Hostile activity by large military formations is not what we would expect if the General Staff were organizing something; that’s not their historical M.O., and no evidence of such a thing has been detectable in media reporting (old media or new). But calling the forces back from their broad-scale exercise posture would be consistent with sorting out command loyalties and consolidating direct control across the force, unit by unit.
The question would be whether it’s the General Staff doing this, or the Erdogan government. One clue may lie in the fact that Erdogan is accusing practically every opponent in Turkey (the PKK Kurds, the opposition political parties), as well as “foreign intelligence” agencies, of trying to sabotage the upcoming election and defraud the people – but the very unusual action of a military that’s been under unrelenting suspicion for the last several years is getting what amounts to a pass, in both the government’s statements and the regime-friendly media. Political officials have actually said very little about it. Whatever concern the Erdogan government may have about the exercise cancellation, it isn’t the same kind of concern it has about the other threats it perceives.

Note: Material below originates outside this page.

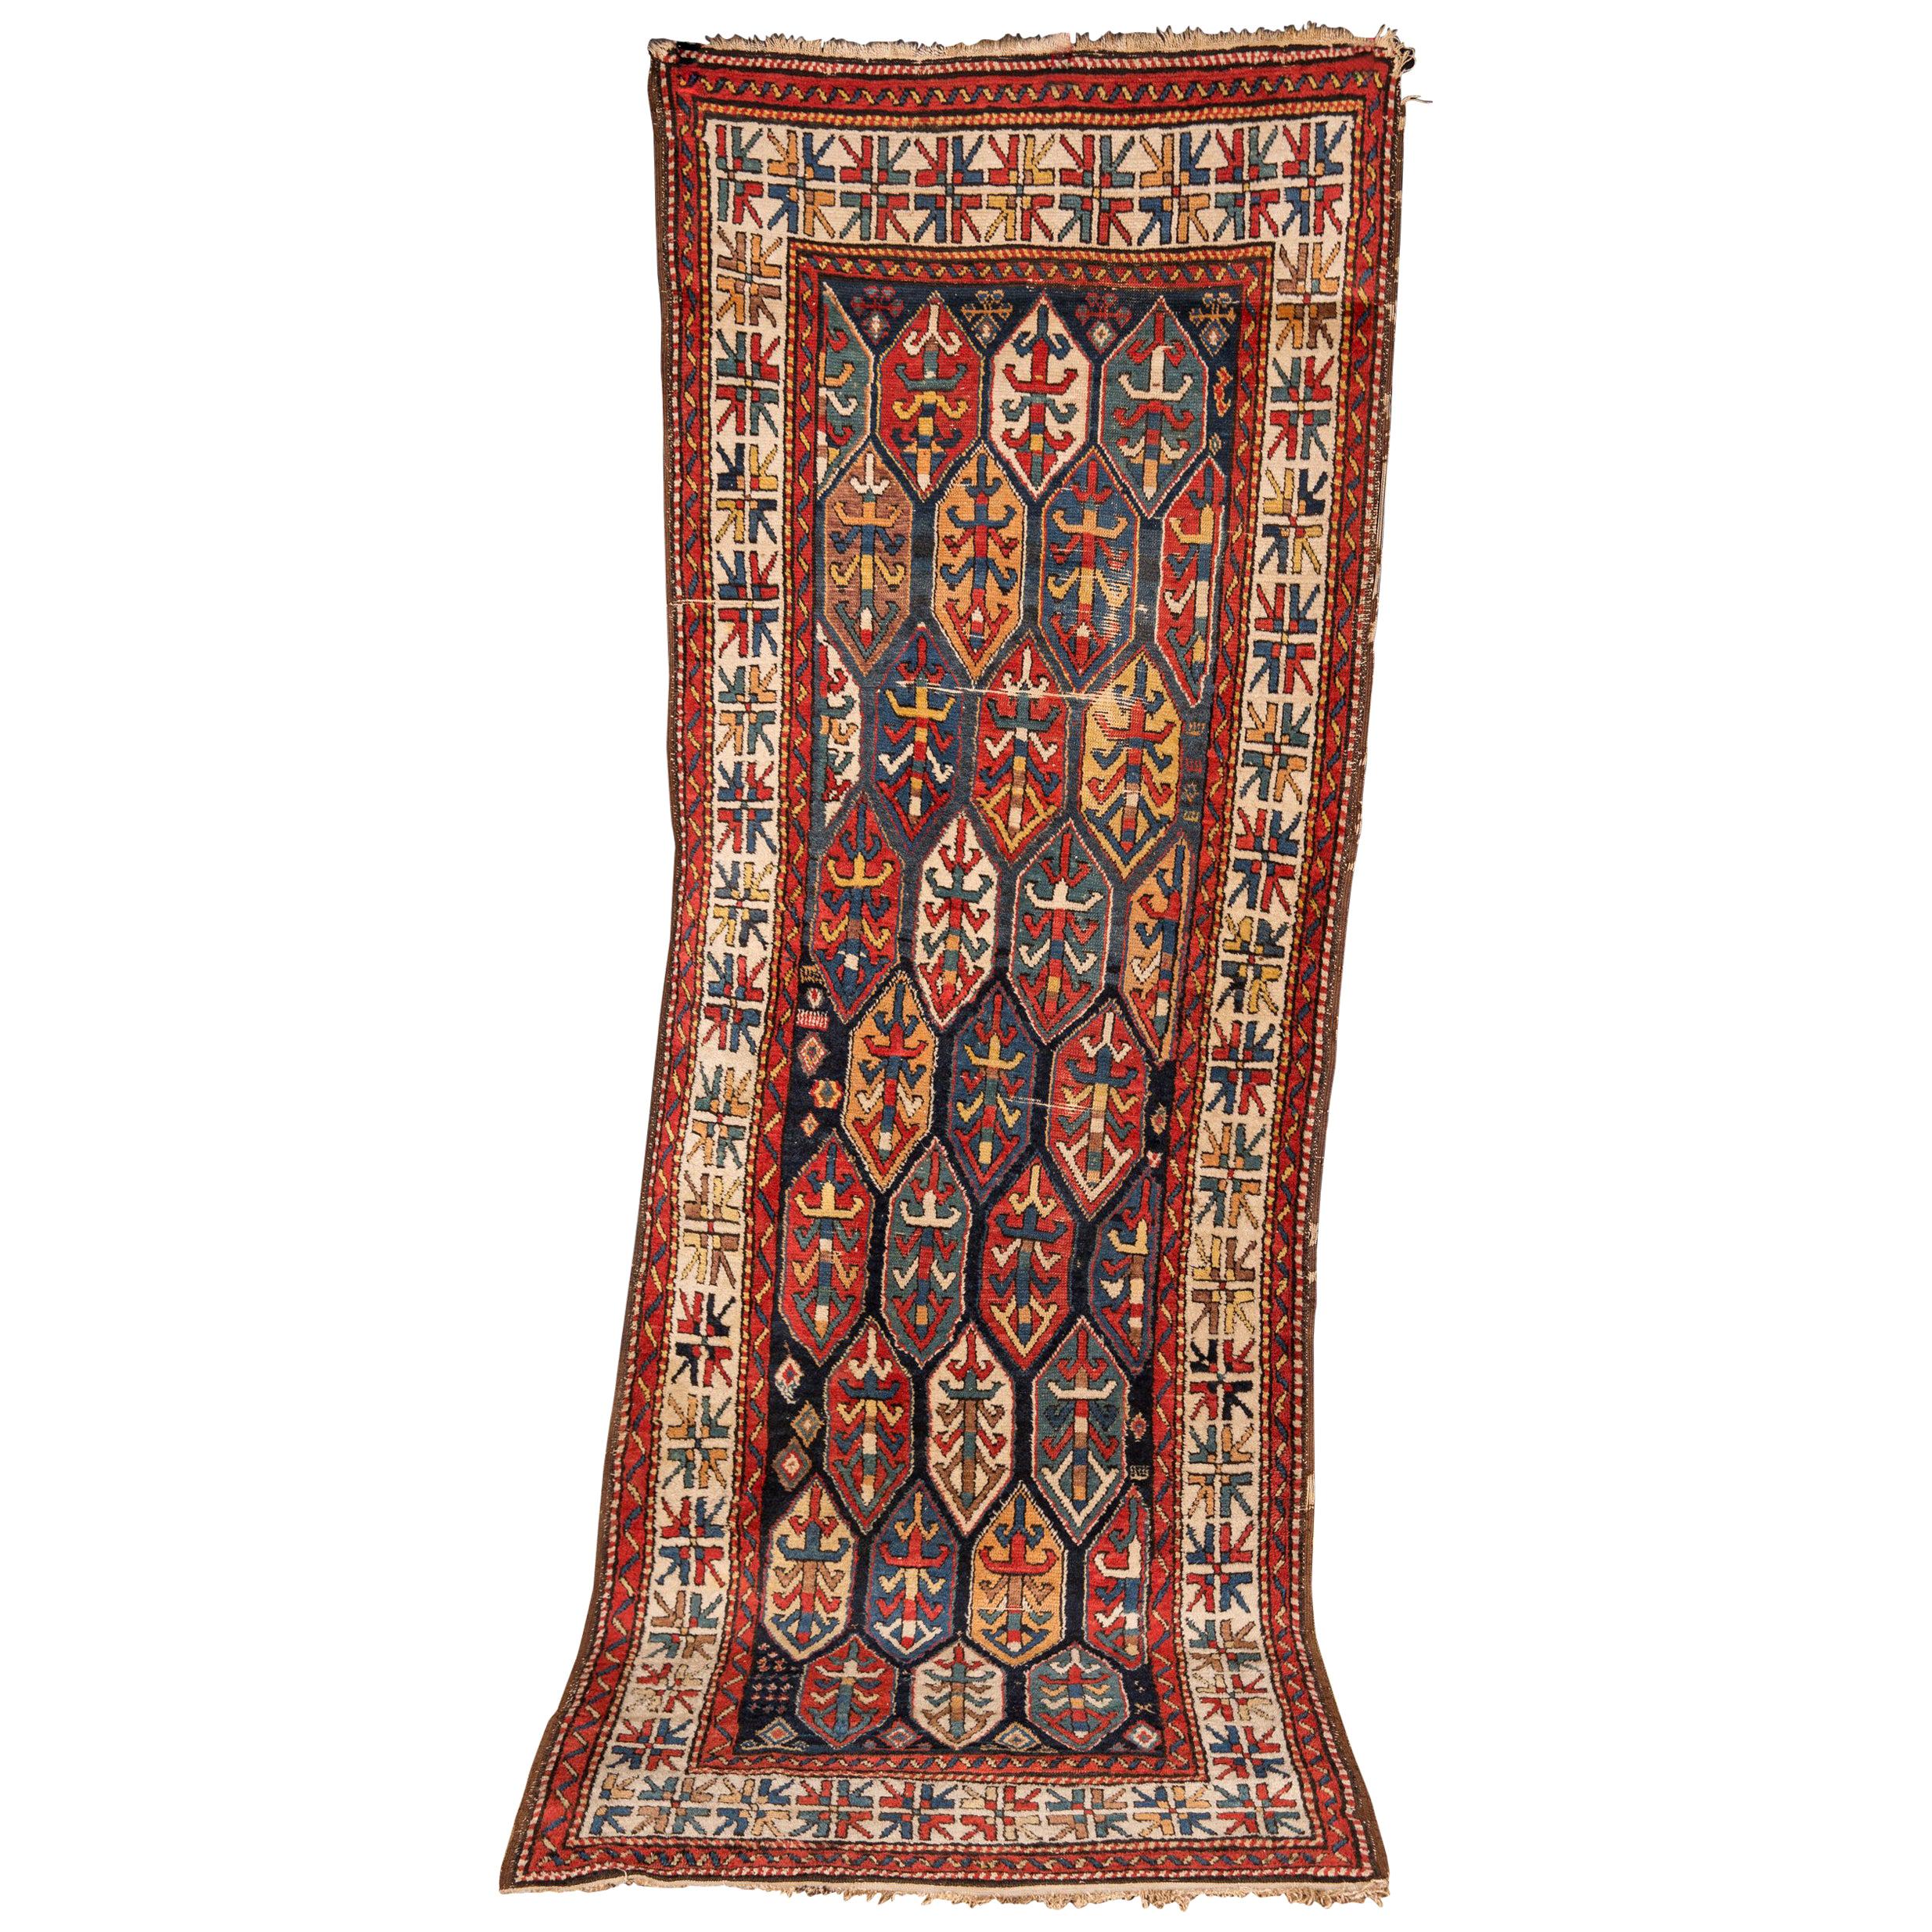 19th Century Antique Kazak Carpet

As a matter of history, recalling an army from maneuvers has more often been a power-consolidation measure taken by political leaders than something military leaders have felt a need to do. Military commanders are best positioned to hold the loyalty of their forces when they are deployed and actively performing operational tasks, rather than in garrison.
It may be a long time before we know what happened on 24 May. The lack of unusual events reported since then is unlikely to mean that this strange action of the military was insignificant. The jury should still be out on its import. At this point, however, it doesn’t look as much like the prelude to a coup as like the quiet suppression of one.